I agree that as we are laying out D and just about to layout bf2 dsize(D) == 5.  What happens next depends on how you interpret this sentence in section 2.4/II/1/a:
>The next available n bits are at offset dsize(C) [i.e. dsize(D) for my example], unless the preceding byte is only partially filled by a bitfield, in which case the bitfield allocation can begin in that byte.

Does this mean to say "only partially filled by a bit-field member of C" or does being partially filled by a (trailing) bitfield of a base class count?

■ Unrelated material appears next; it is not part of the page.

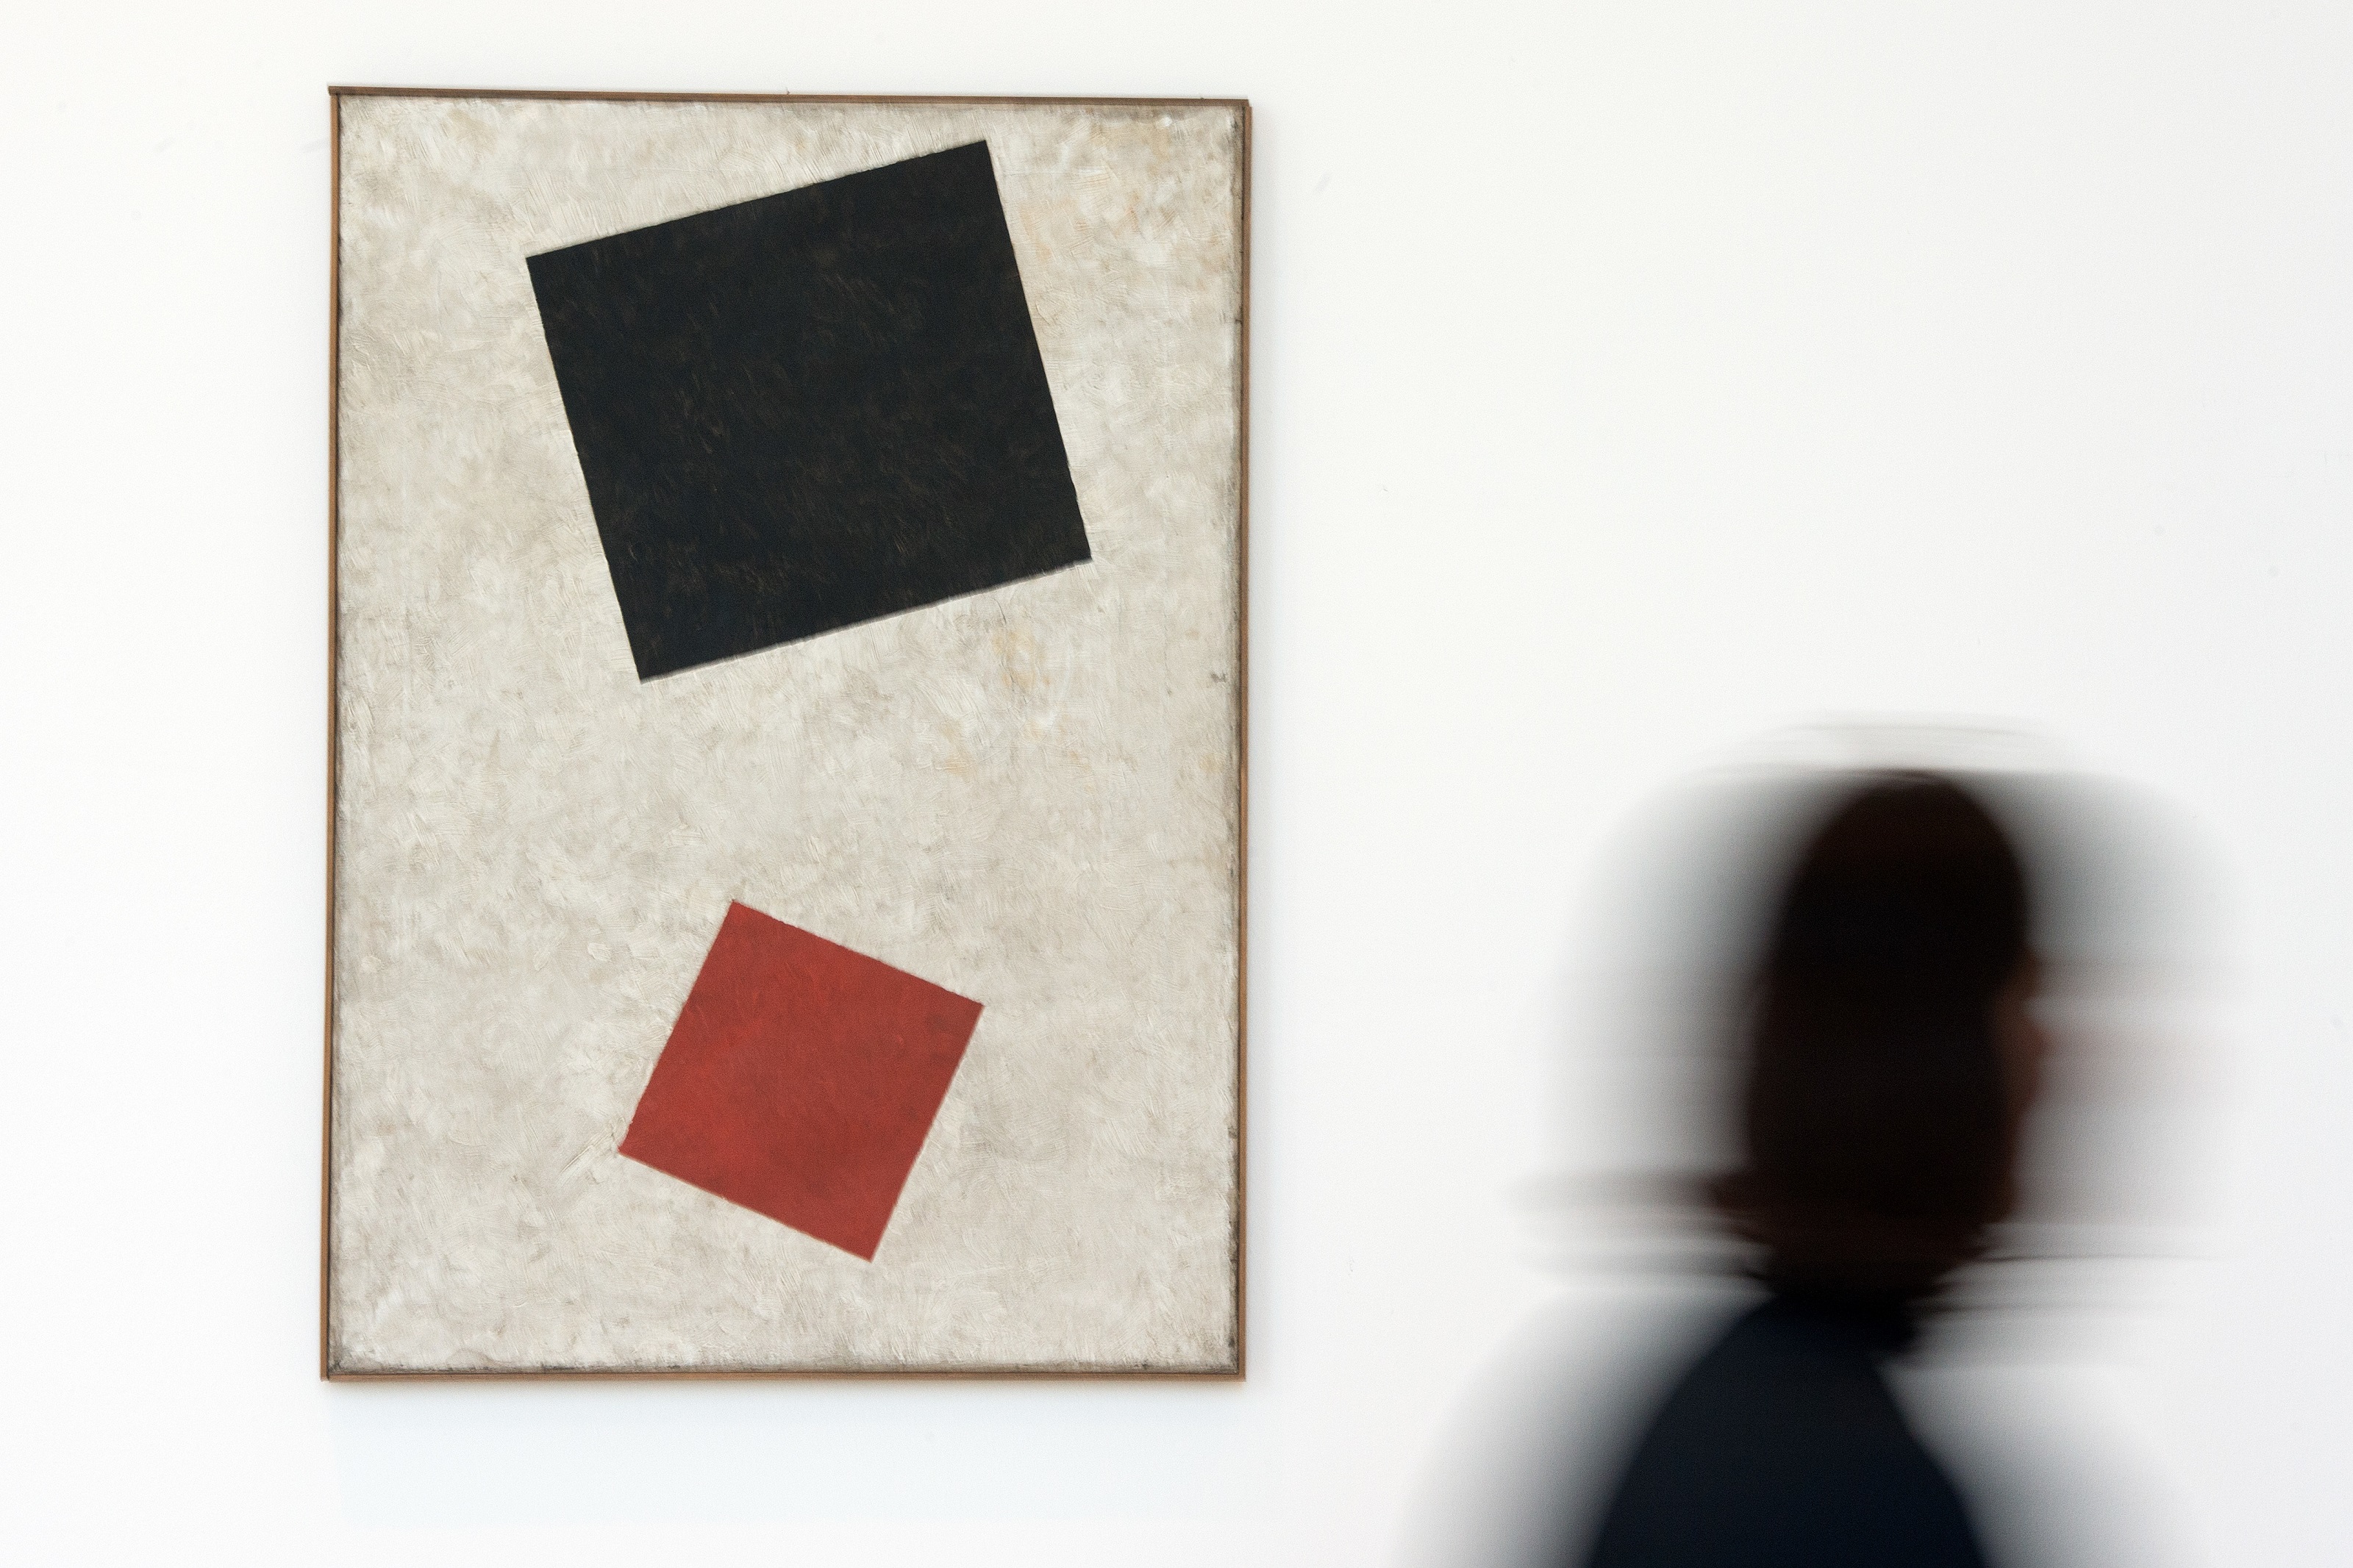 «Schwarzes Rechteck und rotes Quadrat» von Kasimir Malewitsch aus dem Jahr 1915 ist in der Kunstsammlung Nordrhein-Westfalen zu sehen.
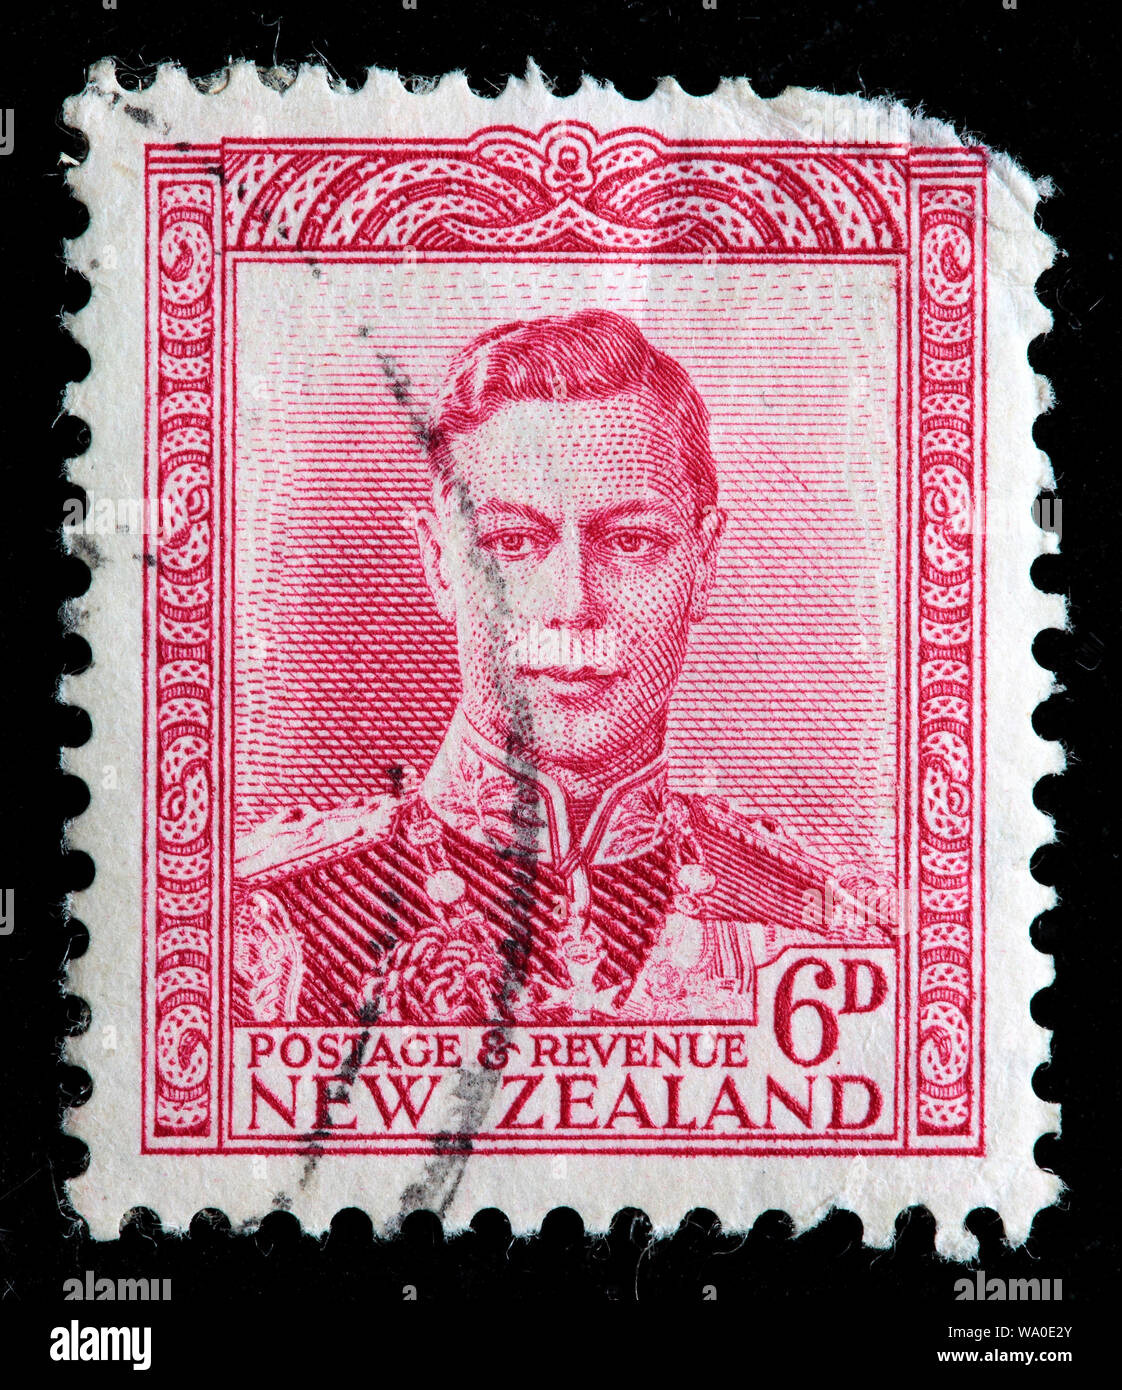 Le roi George VI (1936-1952), timbre-poste, Nouvelle-Zélande, 1947 Banque D'Images

g++ 3.1 seems to think bf1 & bf2 can be in the same byte.  Here's my test program:

#include <stdio.h>

struct B {
  virtual void f() { } // B is not POD
  int b:4;
};

struct D : B {
  int c:4;
  char x,y,z;
};

int main() {
  printf("sizeof(B) == %lu; sizeof(D) == %lu\n", (unsigned long)sizeof(B), (unsigned long)sizeof(D));
  int buffer[] = { 0xabbaabba, 0x067452301, 0xefcdab89 };
// With byte-oriented little endianness this looks like
// either A:  (g++ 3.1 chooses this)
//   baabbaab 01234567 89abcdef
//   vvvvvvvv cbxxyyzz
// or B:
//   baabbaab 01234567 89abcdef
//   vvvvvvvv _b_cxxyy zz
  const D* d = reinterpret_cast<const D *>(buffer);
  printf("buffer->b == 0x%x\n", (unsigned)(d->b));
  printf("buffer->c == 0x%x\n", (unsigned)(d->c));
  printf("buffer->x == 0x%02x\n", (unsigned)(d->x));
  printf("buffer->y == 0x%02x\n", (unsigned)(d->y));
  printf("buffer->z == 0x%02x\n", (unsigned)(d->z));
  return 0;
}

My output (linux-x86):
sizeof(B) == 8; sizeof(D) == 8
buffer->b == 0x1
buffer->c == 0x0
buffer->x == 0x23
buffer->y == 0x45
buffer->z == 0x67